Main texts: The six occasional sermons, 1739–48
Introduction
In Fifteen Sermons and The Analogy Butler was concerned with giving an account of the human mind, the introvert (self-love) and extrovert (benevolence), the dynamic relationship between them prompted by the conscience and the fundamentally ethical nature of the consciousness. In the last chapter we looked at several texts, mostly not intended for publication, which documented his personal application of his doctrine and the ministerial praxis founded on it. In the present chapter we turn to the six occasional sermons on questions of public policy. It is to be expected that such documents will be exemplars of the charitable application of benevolence and of the obligations and proper social relations of the Butlerian Christian.
The point will not be laboured below, but the continuity of method will also be noticed: in whatever Butler undertakes he always establishes his position or course of action in relation to ethical principles, doing new thinking where necessary, but always taking bearings from his moral philosophy. There is always, therefore, a doctrinaire strain in Butler's preaching and writing, which was entirely appropriate to his understanding of his office. The concept of duty should be borne in mind when considering his legacy to the nineteenth-century Church.

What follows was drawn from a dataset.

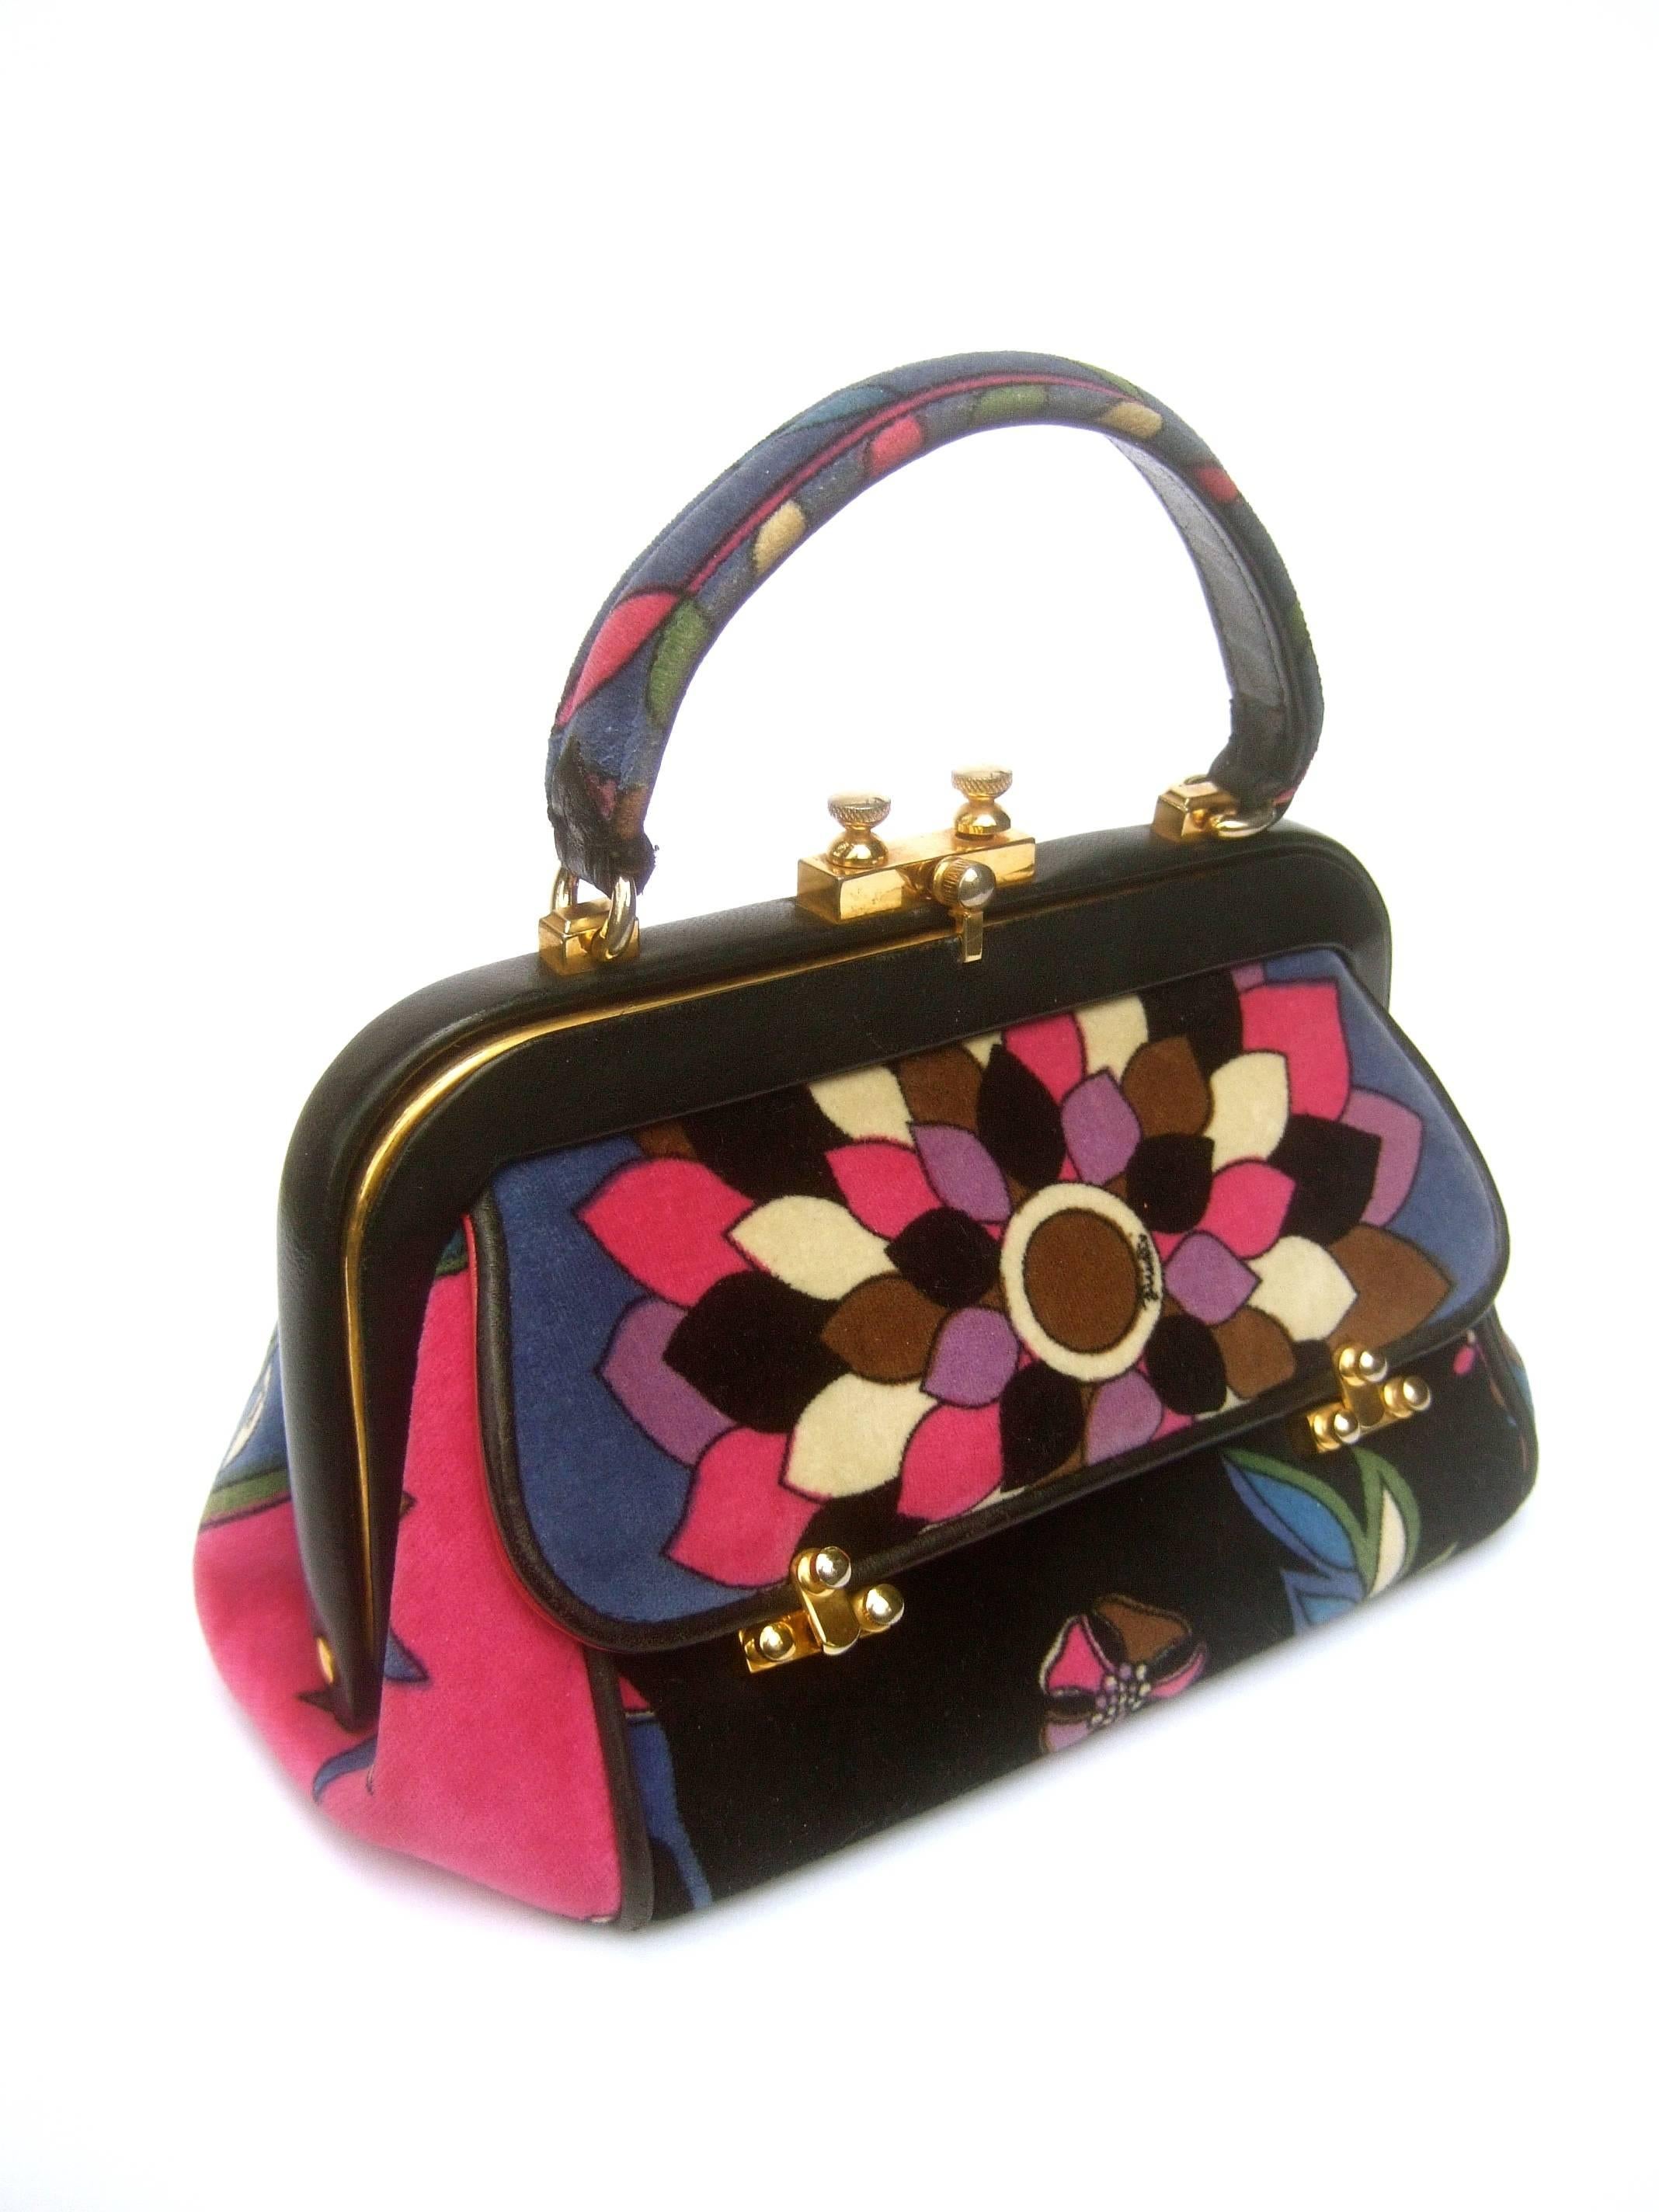 Women's Emilio Pucci Rare Velvet Leather Trim Handbag ca 1970

Although these six sermons are of great historical importance, and some of exceptional intellectual distinction, they have been little noticed and perhaps have been avoided as period pieces, which, of course, occasional sermons should partly be. Given that Butler is known as a religious apologist and moral philosopher, it may surprise the reader to encounter discussions of things like parliamentary legislation, such as the Truck Acts and the Master and Servant Acts; developments in economic theory; the east coast coal and shipping industries; the organization of the workhouse; the dangers of bureaucracy and institutionalization in charitable organizations; and the social implications of new technology. It reminds us that his chaplain, Josiah Tucker, moved from anti-Methodist polemic to political and economic questions (from internal evidence, very likely with Butler's encouragement) and that while it is true that ‘the “long eighteenth century” was not … an age of major interventionist reforms’ the essential theoretical and cultural groundwork for the nineteenth-century reforms was done at that time.